第三章

奇跡の万能薬

 オメガエリクサー。

 原作では味方全員のHPとMPを完全回復、更には状態異常の解除と戦闘不能から復活させるという最強の回復アイテム。


 その破格な性能故に、原作で入手できるのは終盤も終盤。

 ラスダンに突入する辺りまでストーリーを進めなければならない。

 おかげで手に入れたとしても、使うに使えない俗にいうラストエリクサー症候群に陥りやすく、俺もよくよくバッグに余らせていた。


 ……というのは、あくまでゲームでの話。


 こっちの世界であれば、ラスダンに行かずとも入手できる方法はある。

 そんで原作知識を活かして、オメガエリクサーをする。


「——その為に、これらの素材を集めるぞ」


 翌日、冒険者ギルドの一角。

 俺はオメガエリクサーのレシピを書き起こしたメモをティアマトとミオに手渡す。


「……貴様、本気か?」


 内容を見たティアマトが胡乱な眼差しを俺に向ける。

 隣ではミオがなんとも言えないような苦笑を浮かべていた。


「勿論、大マジだ。

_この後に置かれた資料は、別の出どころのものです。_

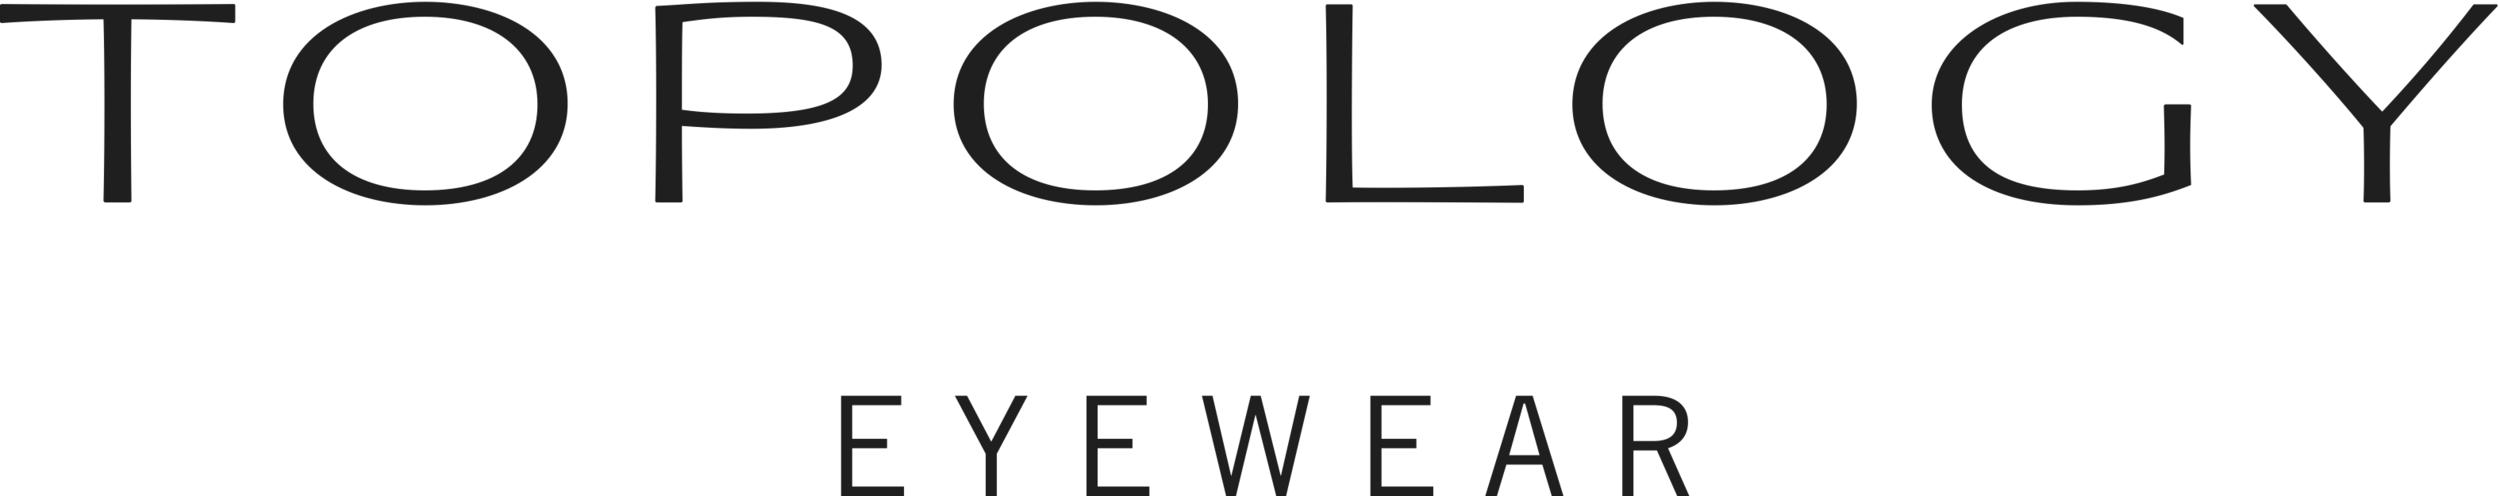 Topology_logo_Black_600.png
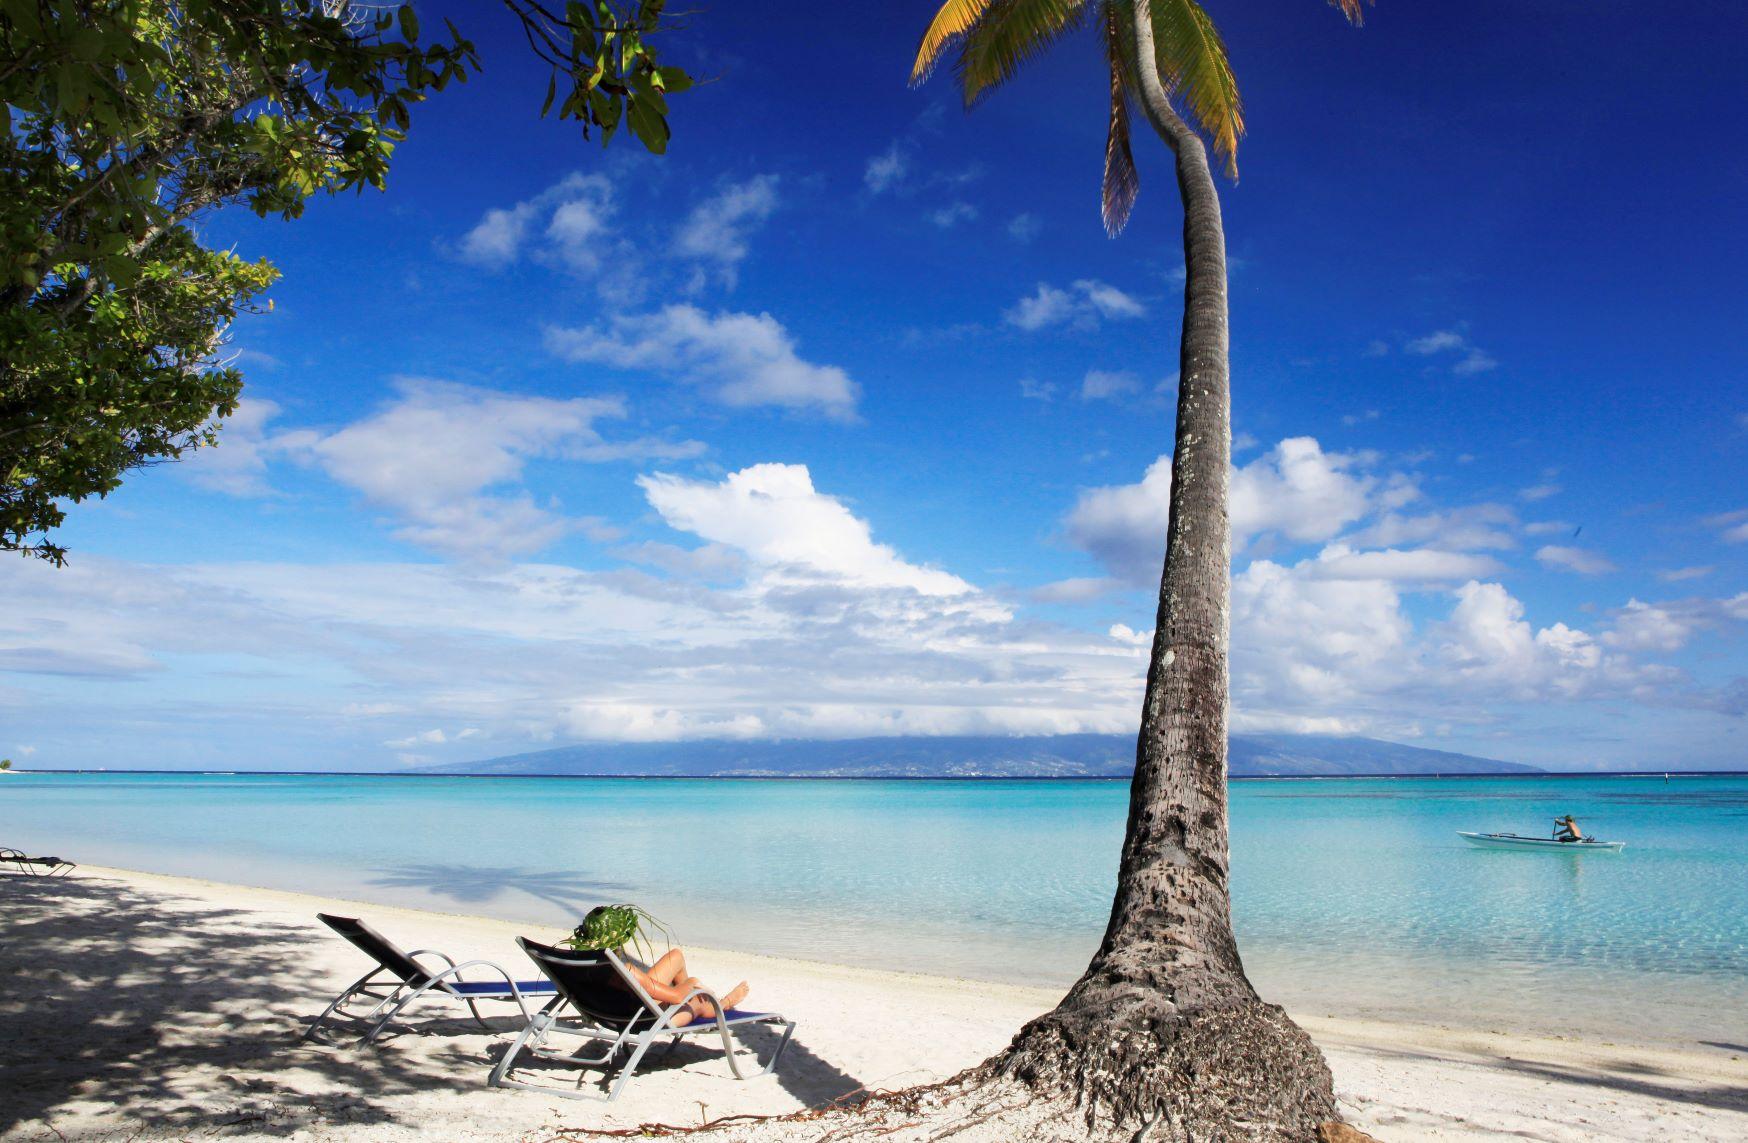 https://tahititourisme.fr/wp-content/uploads/2020/10/Sofitel-Moorea-Ia-Ora-Relaxing-on-the-Beach.jpg

冗談でこれらを集めようなんて言わねえよ」


 ため息を吐きながら俺は、自身で書いたメモを見直す。


 ・マンドラゴラの花冠

 ・アダマンタイトの欠片

 ・ユニコーンの角

 ・世界樹の雫

 ・大精霊の魂魄


 どれもこれも入手難易度と希少性がバチクソに高いが、通常エネミーを討伐したりフィールドから採取することで手に入れられる一般枠の素材アイテムだ。

 本来ならゲームクリア後に入手できる古文書からレシピを解読することで初めて調合が可能になるのだが、原作知識が頭に入っている俺ならその過程をすっ飛ばせる。


 他にも生成するにあたって用意すべき道具はあるが、そっちは並行して追い追い手に入れるつもりだ。


 とはいえ、ゲーム通りに魔物から素材がドロップするのか。

 採取するにしても、そもそも素材がちゃんとあるのか。

 そういった諸々の問題はあるけど、そこは実際に確かめてみるしかない。


「集めんのが大変だっていうのは、俺だって重々承知してる。でも、呪い由来の病気を治すんだったらこれが一番確実だろ」


 ——あらゆる病、呪いを治す古の霊薬。


 オメガエリクサーのフレーバーテキストにはそう書かれてあったし、エリクサー系統が難病の治療に使われるって設定もあった覚えがある。

 それがそのままこっちの世界に反映されているのであれば、こいつを入手するのが一番のはずだ。


 ぶっちゃけ下位互換のエリクサーで事足りるかもしれないが、エリクサーを生成するにも似たような素材が必要になってくる。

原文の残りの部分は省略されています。